Sorting algorithms assume you have a defined comparator. For example, if sorting integers A and B, the A > B
operation allows you to determine if A should be after or before B.
Imagine you want to implement a sort, but rather than a defined and consistent comparator, the comparison uses a heuristic of some sense - so it's not a guarantee it will be correct. An example might be analogous to how eye doctors identify your prescription. They show two prescriptions and ask which is better. In some cases, as a patient you might not answer correctly for two close values. For values that are far apart, you will be more accurate.

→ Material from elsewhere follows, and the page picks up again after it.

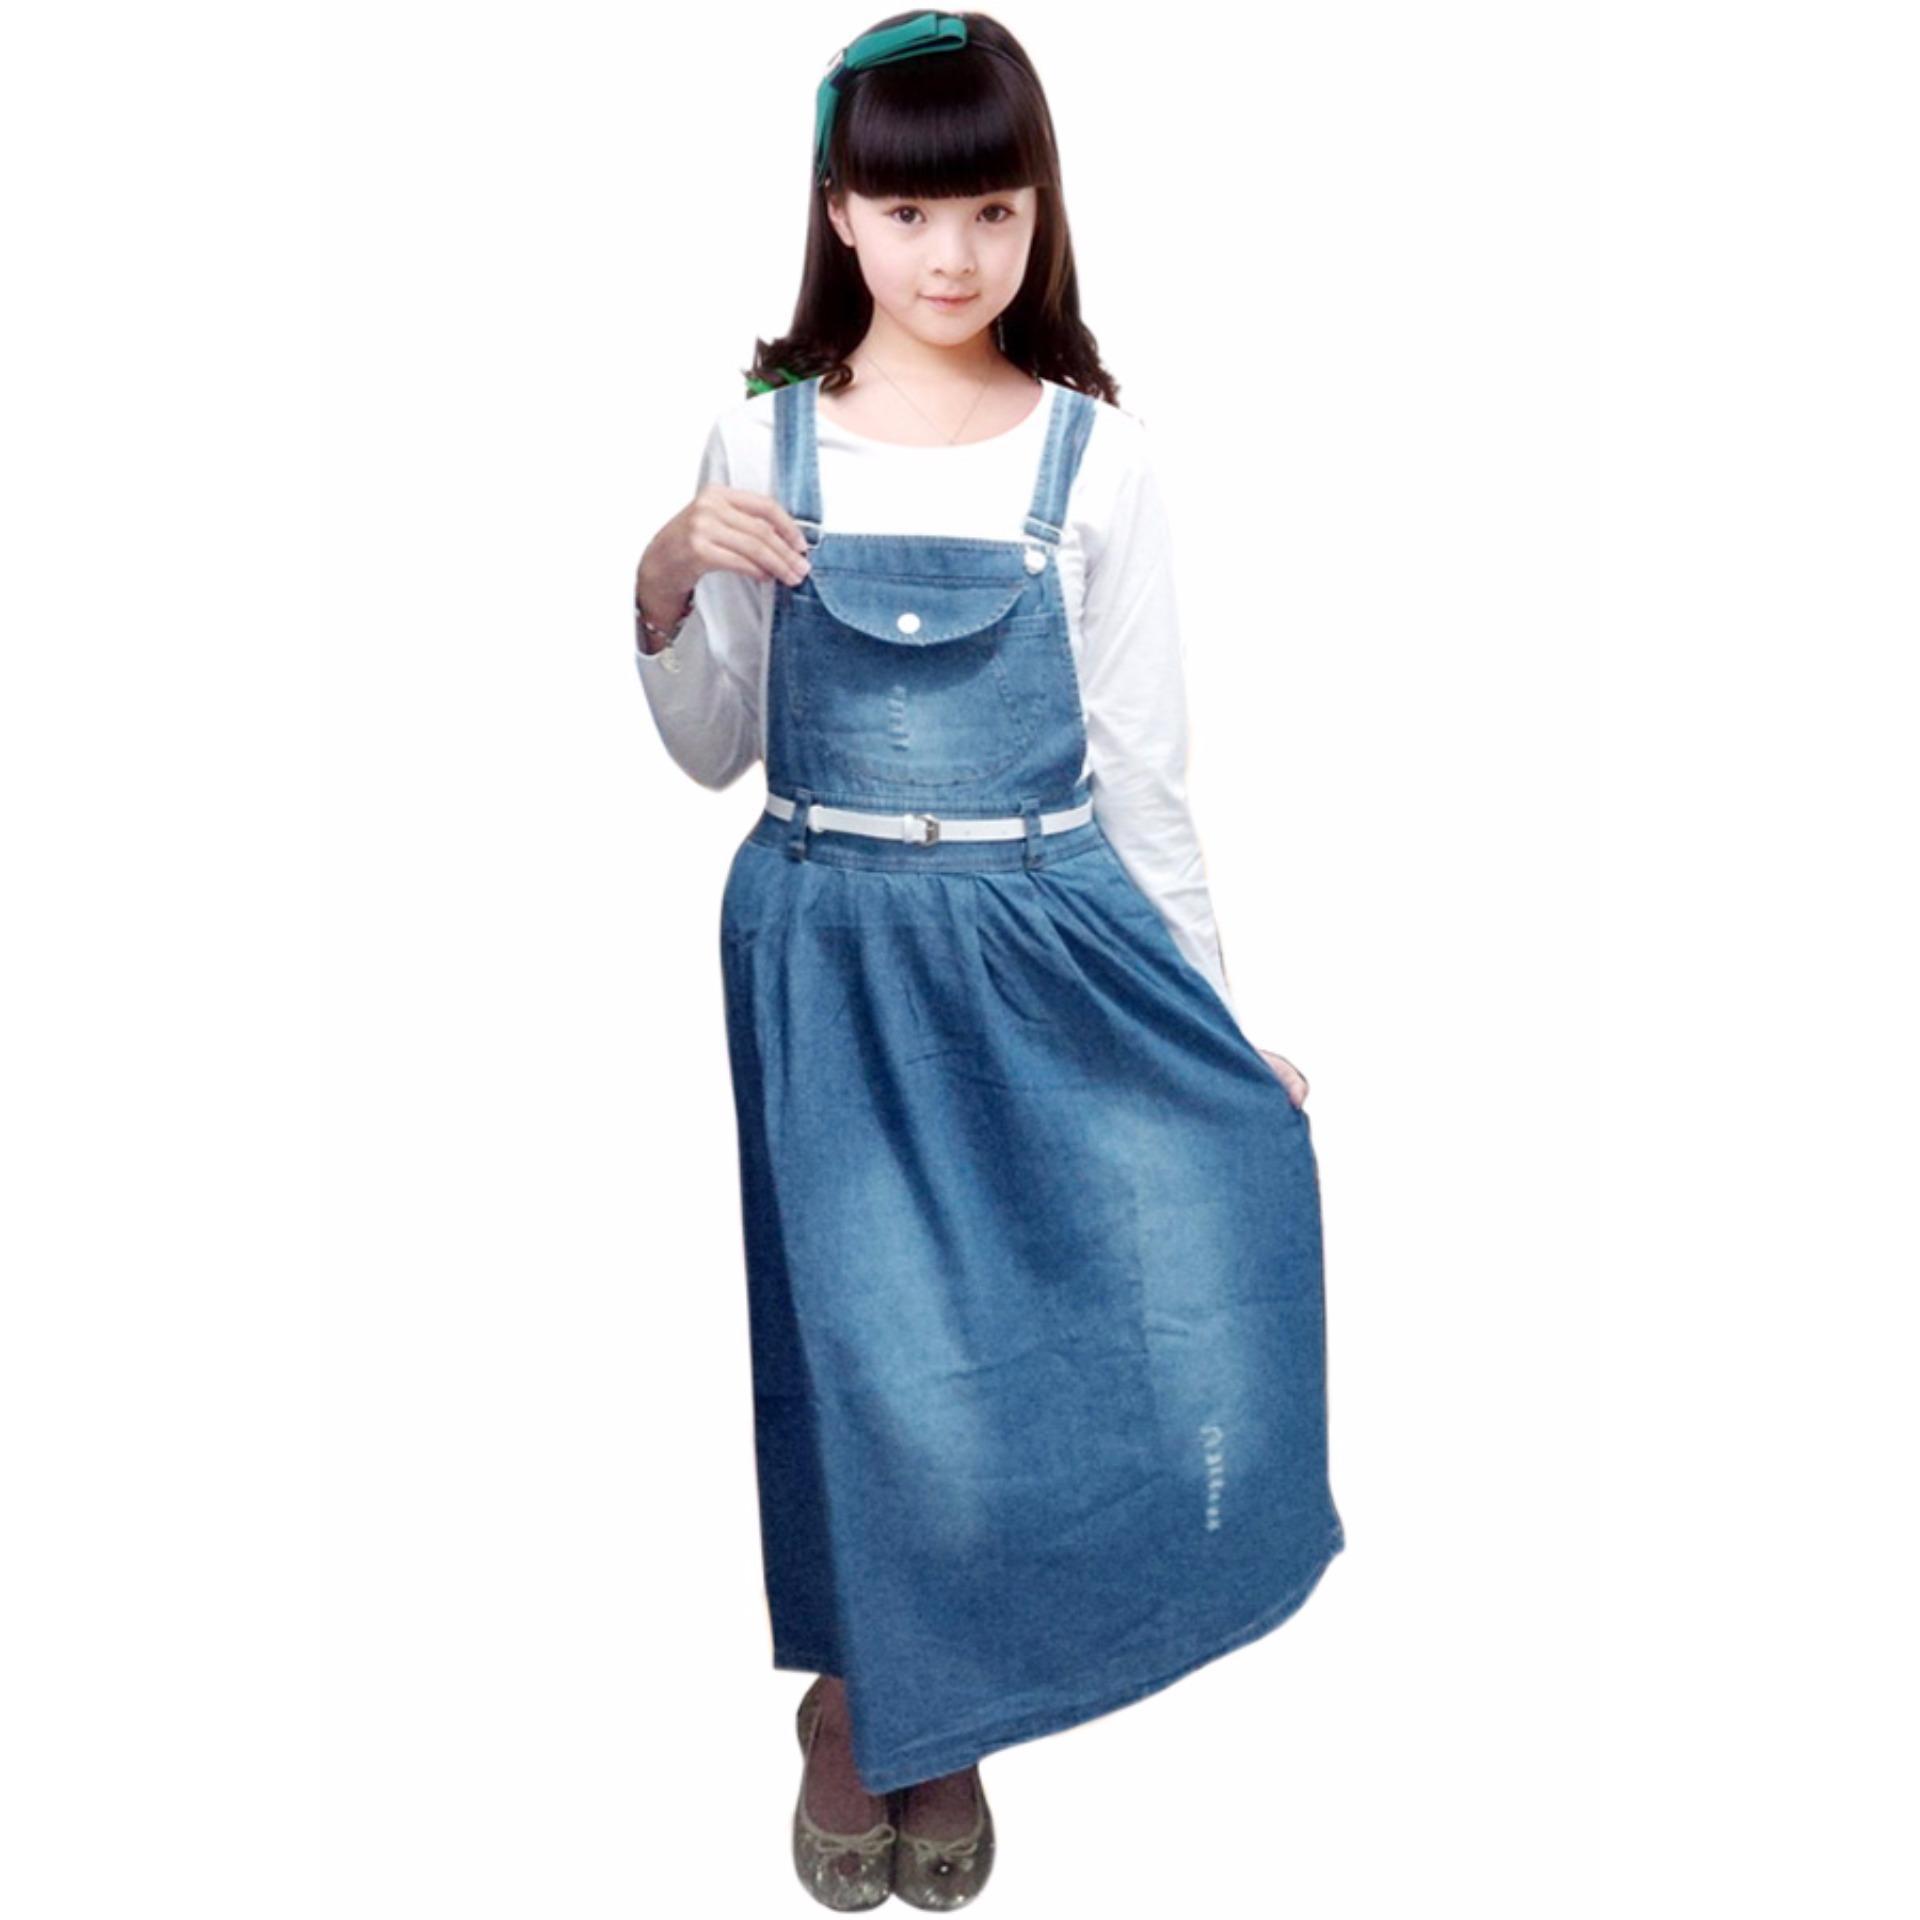 Bananana Plain Ripped Overall Skirt Blue Dki Jakarta Diskon

If for example, you want to compare numeric values, you might model this as a custom comparator like:
public class HeuristicComparator implements Comparator {
@Override
public int compare(double val1, double val2) {
double adjustedVal1 = val1 + Math.random();
double adjustedVal2 = val2 + Math.random();
return Double.compare(adjustedVal1, adjustedVal2);
}
}
In this basic example, I arbitrarily assigning some random variation to the comparison operation, effectively saying that any double values less than 1.000 apart might be sorted incorrectly. 1.5 might be less than 1.3, but only some of the time.
What other strategies are there for modeling heuristic behavior like this rather than a comparator? It seems you could modify the sort logic too (perhaps skip random points, modify a sort to not "finish" all adjacent sorts)? What sorting algorithms that can be easily modified to match this behavior?
Or would it always be preferable to modify the comparator?